Question for the day: Do we grow into or out of our "true" selves?
I've been wondering. Who is the real me? Is it the shy bookworm I was in middle school? The upbeat (on the surface) cheerleader I was in high school? The seemingly confident mother of three I was in my 20s? Maybe it was the driven mom who made so many life changes (bachelor's degree, divorce, master's degree) I became in my 30s. Now I have entered new motherhood for a fourth time in my 40s and am approaching it in a new way, along with the very distinct possibility of moving and teaching overseas.
So do we ever know who we truly are? You may laugh at a joke when you're out with your friends, but privately think that it was the dumbest thing you've ever heard. Suffering from that wanting to please mentality is something we all do to some extent. Many people bemoan that fact, but is it really so bad to please people, as long as it's not at the expense of your own well-being?

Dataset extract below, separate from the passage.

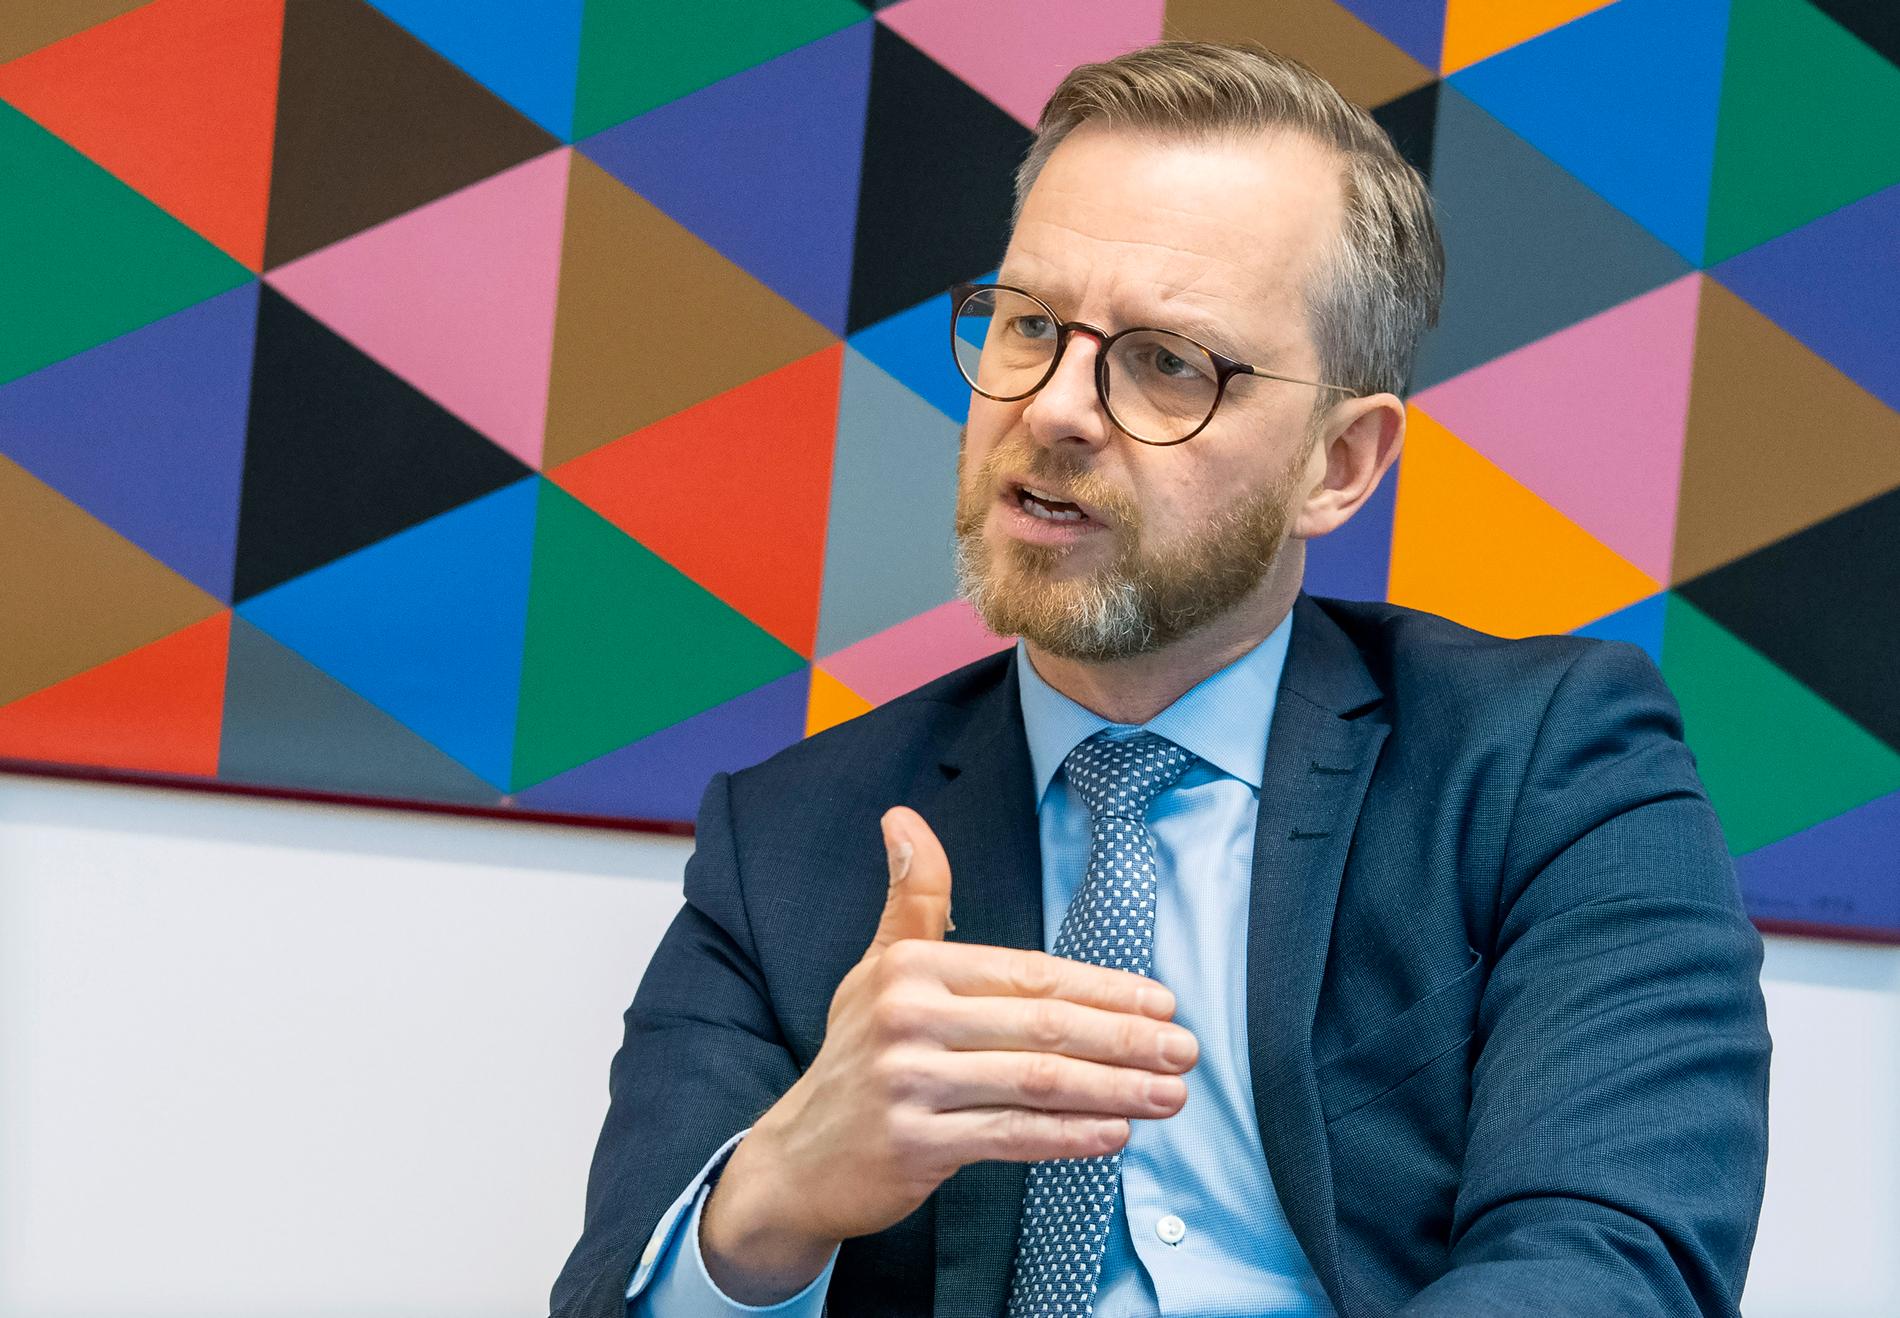 Inrikesminister Mikael Damberg intervjuas av TT Nyhetsbyrån.

That's the real conundrum, I guess. It's typically me that I've just jumped right into the deep end without even getting my feet wet. I'm sure I won't keep up with this blog the way I should (although I really do want to), but maybe healthy competition with Jon (my husband) will ensure that I do.
Breakdown of my life right now:
Mom to four (B, girl, age 20; T, boy, age 17; M, girl, age 14; A, girl, age 2 months)
Born-again hippie (sort of) - fan of cloth diapering, breastfeeding and homebirth
Wife to Jon (we got married at Tropicana Field, one of the coolest days of my life)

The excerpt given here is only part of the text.